A U.S. airstrike that killed the suspected al-Qaida leader in Somalia brought warnings of vengeance from Islamic insurgents Friday and the threat of a boycott that could jeopardize peace talks with the U.N.-supported government.
The biggest alliance supporting Somalia’s Islamic insurgency said it might pull out of planned May 10 talks on escalating fighting and a humanitarian crisis that has caused thousands of civilian deaths and displaced hundreds of thousands over the past year.
“The U.S. strike can undermine the U.N.-sponsored peace parlay,” said Sheik Sharif Sheik Ahmed, exiled chairman of the Alliance for Liberation and Reconstitution of Somalia.
“We will reconsider taking part ... due to the U.S. military attack,” he said in a telephone interview from Cairo, Egypt.
The participation of Ahmed’s alliance, which includes both moderates and Islamic hard-liners inside Somalia and in exile, is seen as crucial to the success of talks scheduled in neighboring Djibouti.

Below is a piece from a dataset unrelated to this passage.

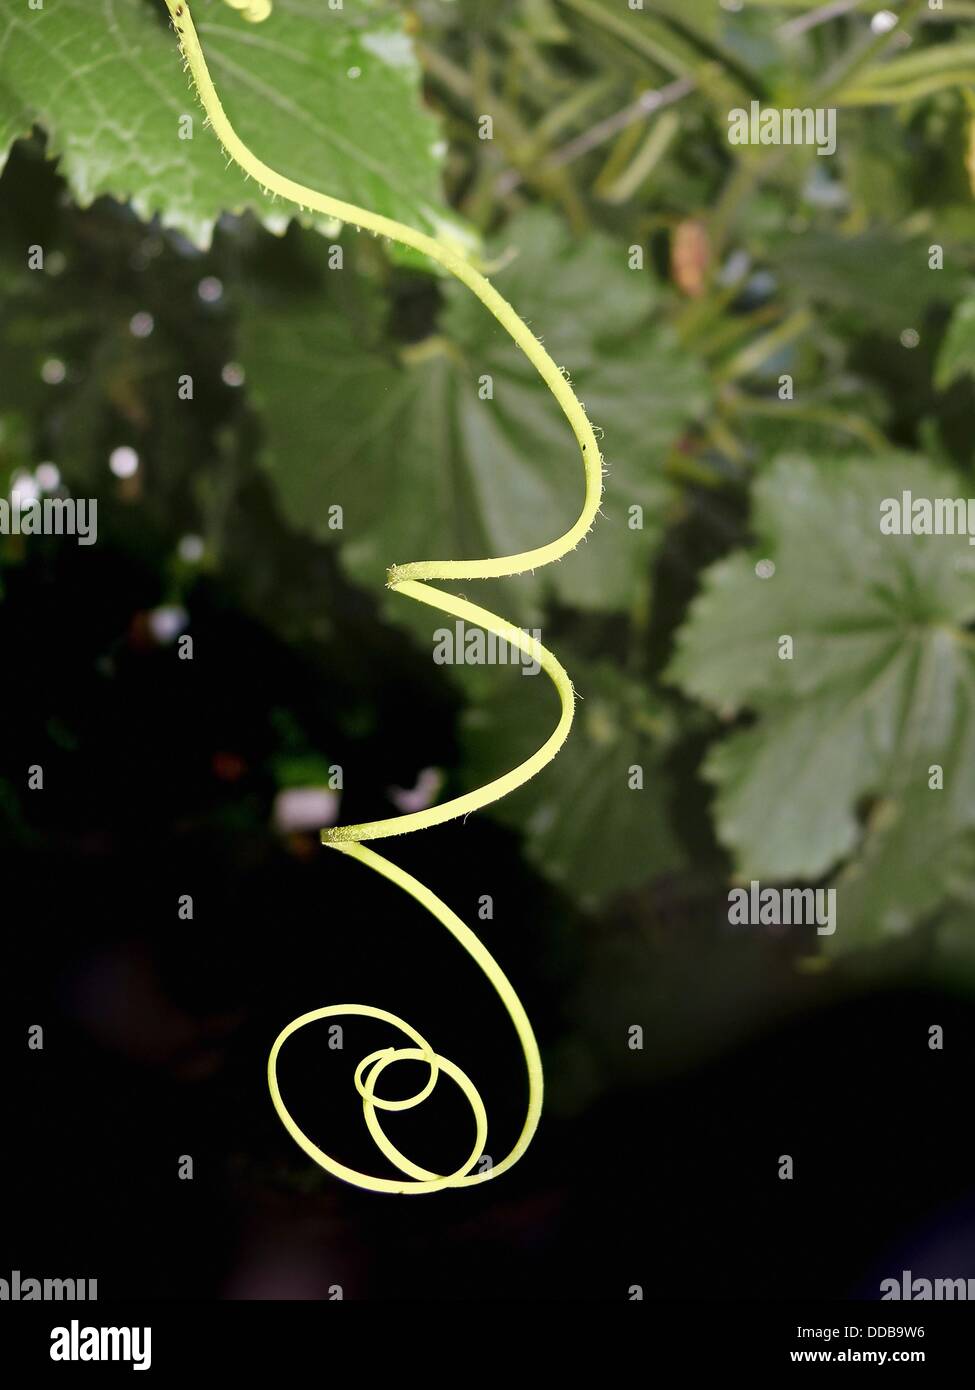 Tendril Of A Bitter Gourd Vegetable Creeping Plant Stock Photo Alamy

First major success in string of U.S. attacks
In a pre-dawn attack Thursday, U.S. missiles destroyed the house of reputed al-Qaida leader Aden Hashi Ayro in the central town of Dusamareeb. The attack killed 24 other people, five in the targeted house and the others in nearby homes, said a town elder, Ilmi Hassan Arab.
It was the first major success in a string of such U.S. military attacks over the past year in this Horn of Africa nation, but analysts said it was more symbolic and unlikely to significantly weaken the insurgency against the weak interim government.
“This will not deter us from prosecuting our holy war against Allah’s enemy,” Sheik Muqtar Robow, a spokesman for Ayro’s al-Shabab militia said in a telephone interview. “If Ayro is dead, those he trained are still in place and ready to avenge against the enemy of Allah.”
Robow said another senior al-Shabab leader, Sheik Muhidin Mohamud Omar, also was killed in the attack.
He said the revenge threat applied to citizens of countries friendly to the United States and to neighboring Ethiopia, which has sent troops to fight Somalia’s insurgents.
But his harshest threat was reserved for Americans: “We know our enemy,” Robow said. “It is impossible to hit missiles on our people and we let your citizens come to our country. We warn them to stay out of our country.”
Thursday’s hit was a “pretty significant indication” of improving U.S. and Somali intelligence counterterrorism cooperation, said Mark Schroeder, the Africa analyst for Stratfor, an independent intelligence risk assessment agency based in Austin, Texas.
Schroeder said his information indicated Ayro arrived at the house only three hours before the attack, showing “very rapid and excellent intelligence” that would make other possible U.S. targets wary of exposing themselves, especially at the high-profile peace conference.
“That will probably cause the Islamists to cancel those talks,” he said.
Al-Shabab, labeled a terrorist organization by Washington, is believed to have up to 7,000 mainly youthful fighters, Schroeder said. They concentrate on hit-and-run attacks on Ethiopian troops and briefly occupying towns for several hours at a time, killing government soldiers and seizing their weapons.
Without Ethiopian support, Somali’s shaky government likely would fall, he said.
David Hartwell of Jane’s Defense analyst group said the impact of Thursday’s strike “is more likely to have a symbolic effect” than operational.
“Insurgent leaders have been killed in Iraq and Afghanistan and other parts of the world, and there is an established order, so someone usually comes in to replace them,” he said.
Ayro had stopped fighting on the front lines after he was wounded in a January 2007 American airstrike, but could still have been instrumental in strategy and other planning.
Schroeder said the overall commanders of the insurgency remain alive, including Ayro’s mentor, Hassan Turki, who escaped a U.S. attack in March and remains in hiding in southern Somalia.
Al-Shabab is the armed wing of the Council of Islamic Courts movement, which seized control of much of southern Somalia, including the capital, Mogadishu, in 2006. Ethiopian troops allied with the U.N.-backed government drove the movement from power in December 2006.